Moshu
- Species: Red panda
- Sex: Male
- Died: Oregon Zoo, Portland, Oregon, United States

= Moshu =

Red panda

Moshu was a male red panda who lived at the Oregon Zoo in Portland, Oregon. He was born at the Red River Zoo in Fargo, North Dakota on June 20, 2011. He joined the zoo in 2019 and died in 2025.

Previously, Moshu lived at the Nashville Zoo. Moshu lived with another red panda Mei Mei at the Oregon Zoo. The pair were relocated to Oregon as part of the Association of Zoos and Aquariums' Species Survival Plan for red pandas. Mei Mei gave birth to the pair's first cub Pabu in 2020. Mei Mei and Pabu were relocated to ZooMontana in Billings, Montana in 2021 because the male cub was too old to live with Moshu but too young to be without his mother.

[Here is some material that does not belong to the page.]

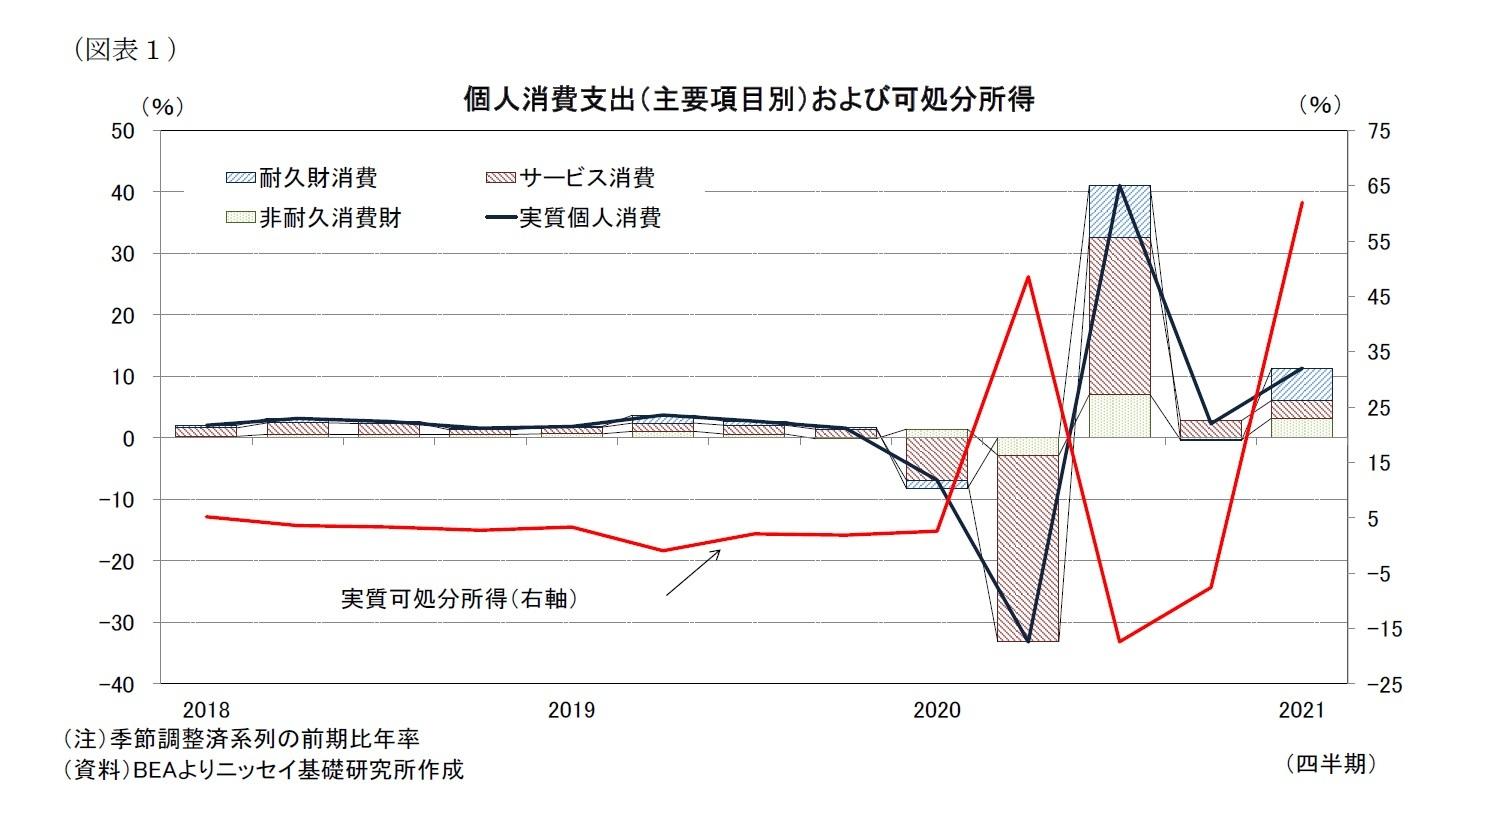 (図表1)個人消費支出(主要項目別)および可処分所得
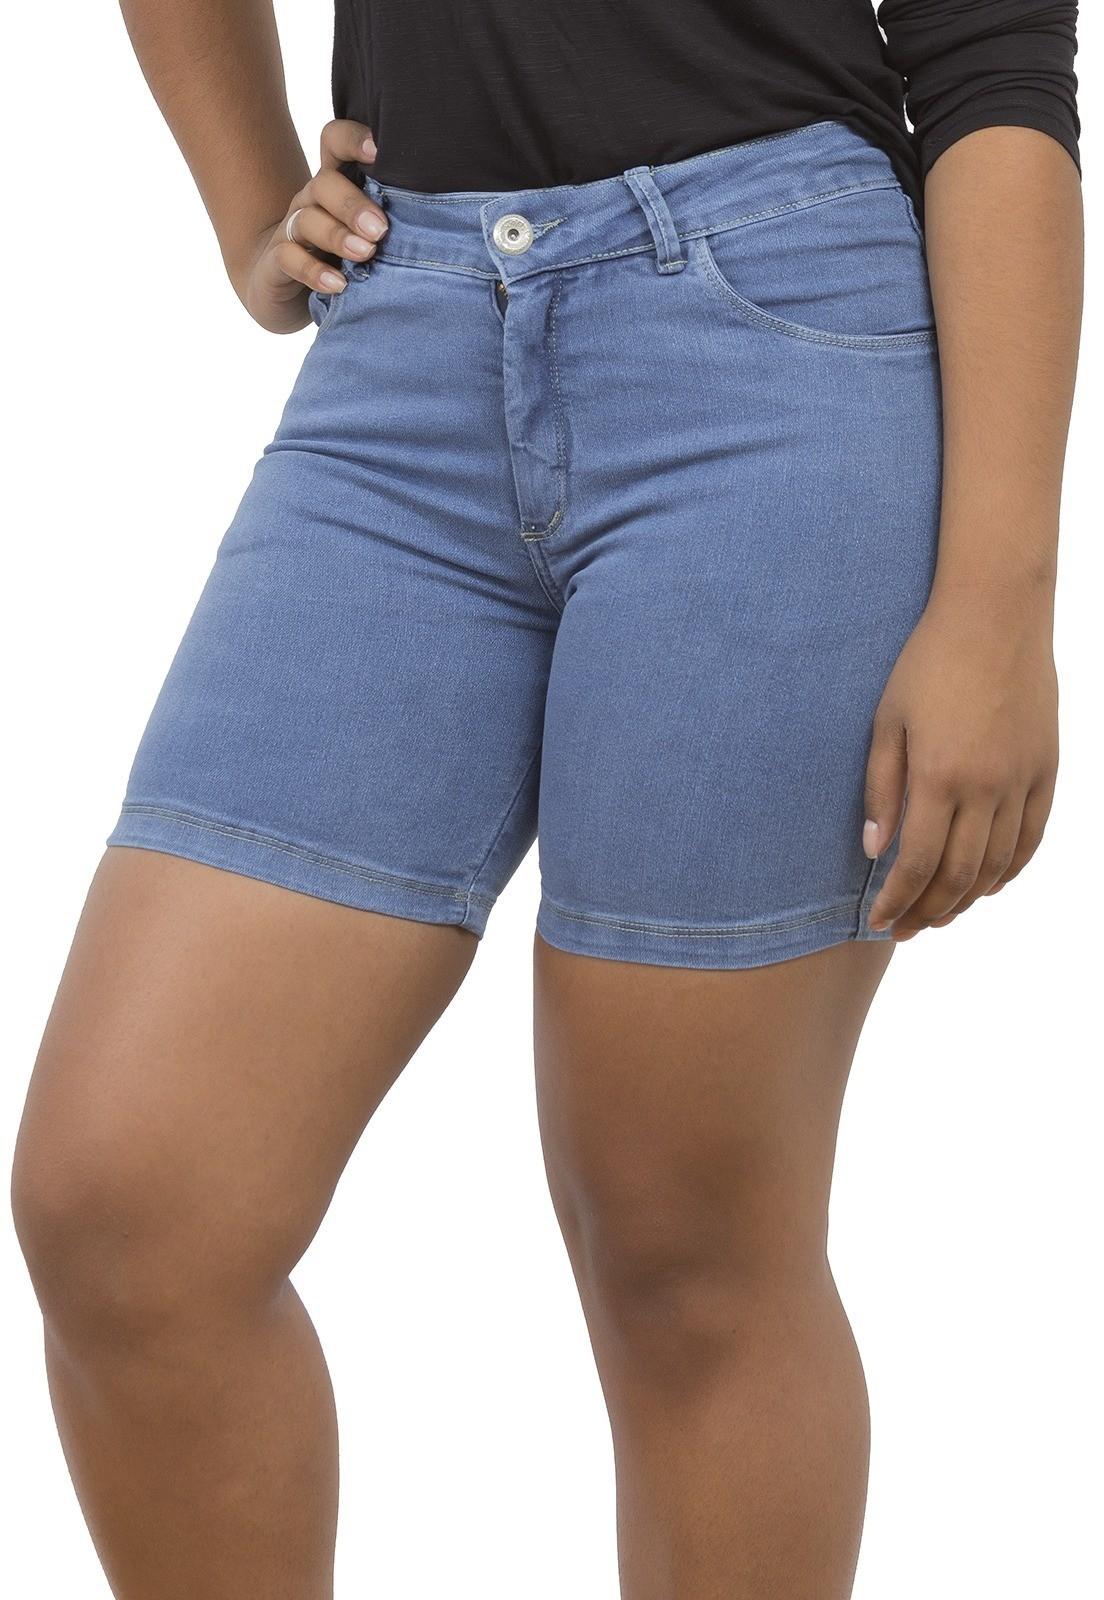 Shorts Dinho's Jeans Basico Delave [1876]

Moshu was nicknamed "Sir Snacks-a-lot". In his late years, he was diagnosed with severe cardiovascular disease and he received cold laser therapy for pain management. He also received physical therapy and ramps were added so he could climb more easily. He lived almost fourteen years and fathered four cubs. According to The Oregonian and KOIN, Moshu was a "fan-favorite" of the Oregon Zoo and was popular on the zoo's social media accounts. The zoo's "Moshu Mondays" series had featured close-ups of him. The Oregonians Zaeem Shaikh said Mosgu "became somewhat of an Oregon celebrity" and noted that U.S. Sen. Ron Wyden had visited him. Artist Mike Bennet, who had painted a wooden cutout inspired by Moshu, shared a photograph of his work on social media and wrote, "Rest easy Moshu".